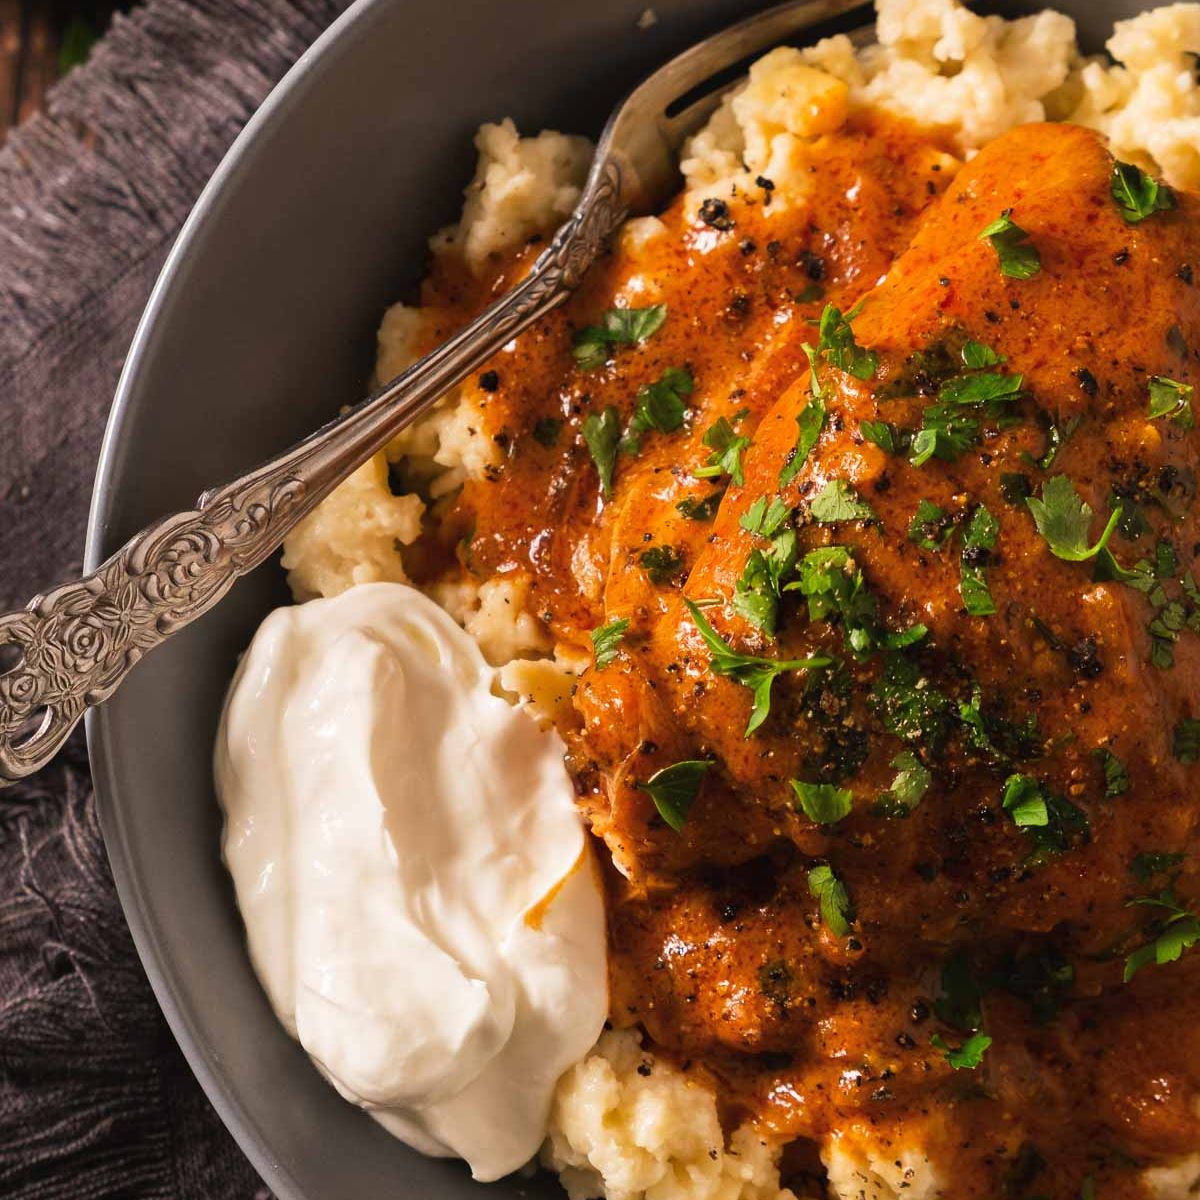 Chicken paprikash on top of spaetzle or nokedli on a plate with a dollop of sour cream on the side.
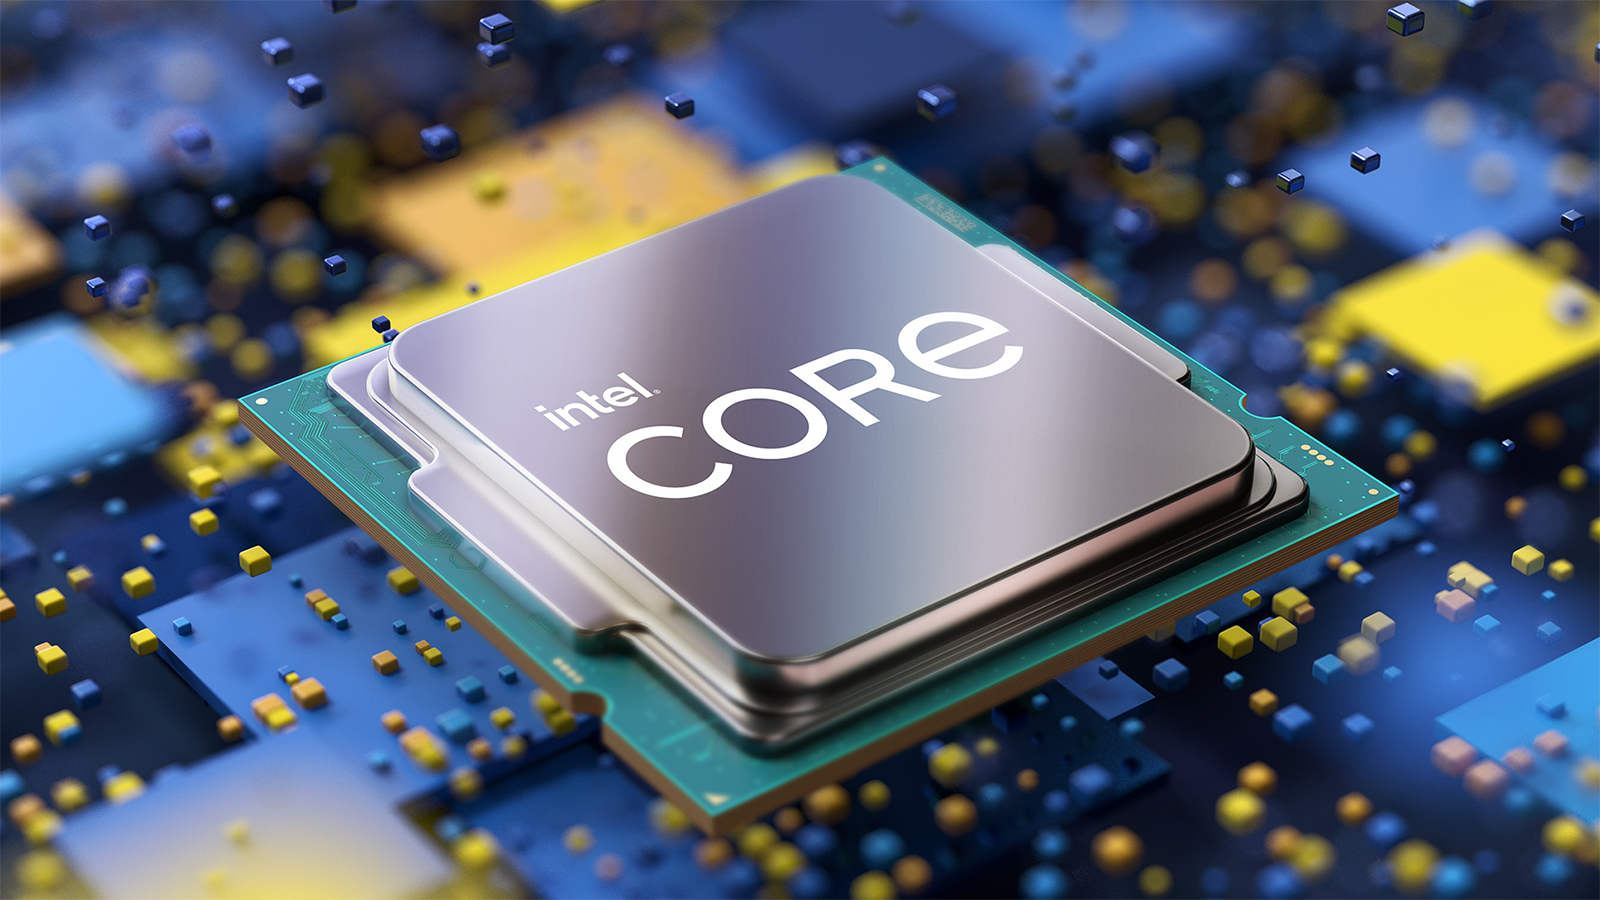 Intel 11th Gen processors takes the fight to AMD with 5.0GHz speeds
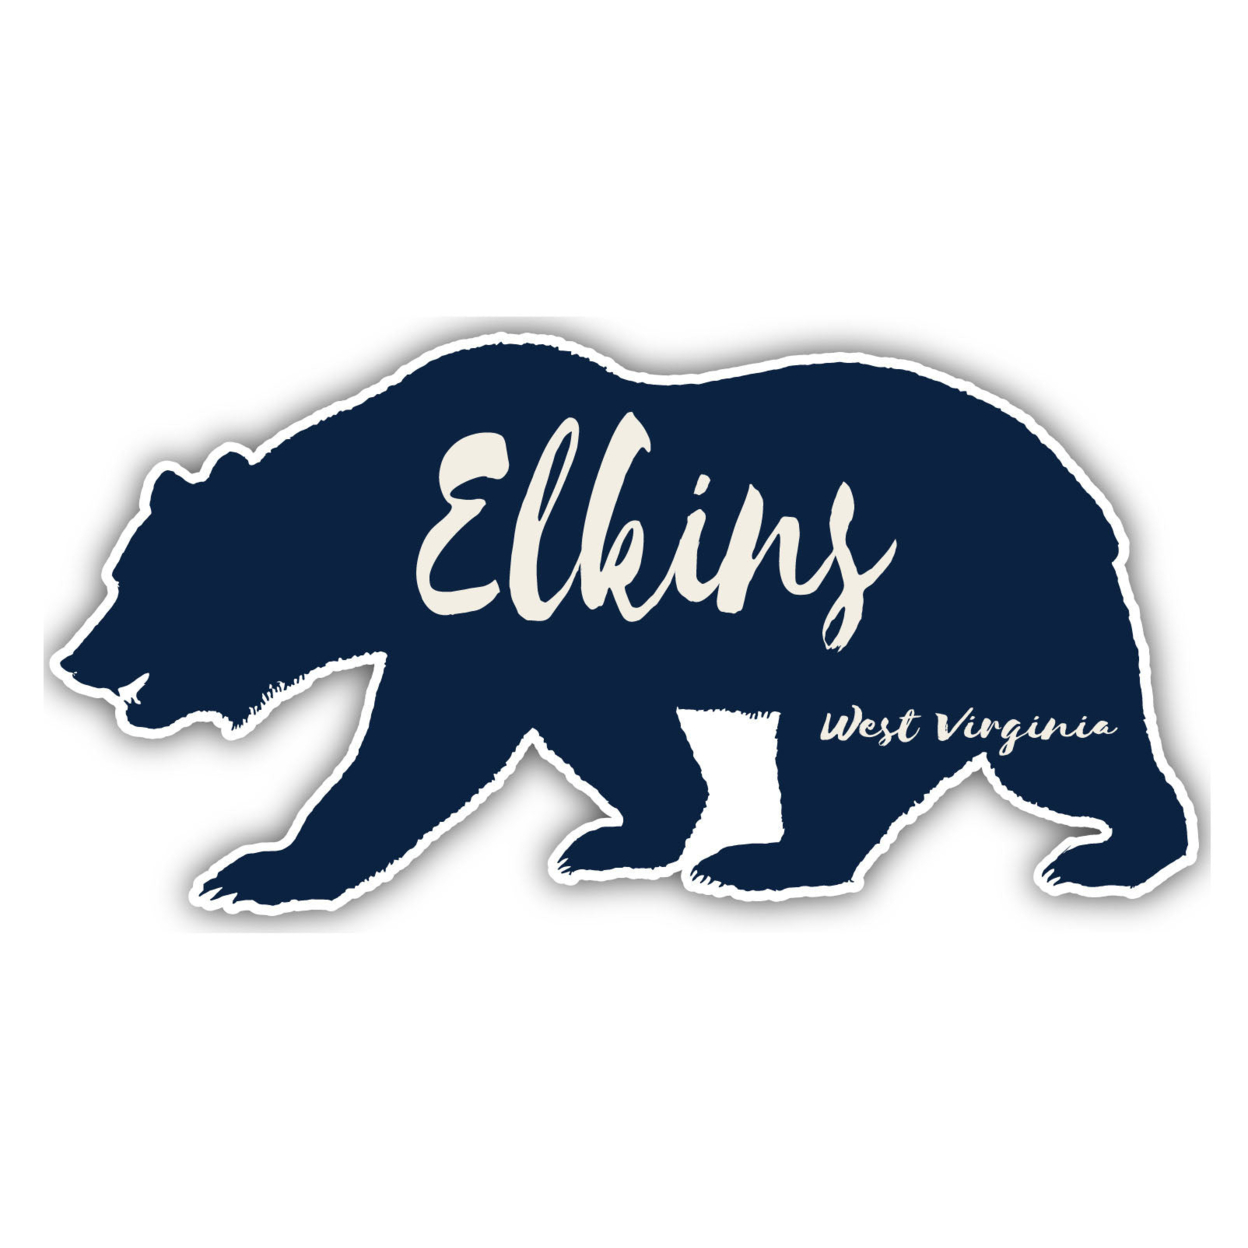 Elkins West Virginia Souvenir Decorative Stickers (Choose Theme And Size) - 4-Pack, 4-Inch, Bear

----------

PROBLEM STATEMENT:
Print the full listing above again with exact wording and no images.

EXPECTED ANSWER:
 Chicken paprikash on top of spaetzle or nokedli on a plate with a dollop of sour cream on the side.
 Intel 11th Gen processors takes the fight to AMD with 5.0GHz speeds
 Elkins West Virginia Souvenir Decorative Stickers (Choose Theme And Size) - 4-Pack, 4-Inch, Bear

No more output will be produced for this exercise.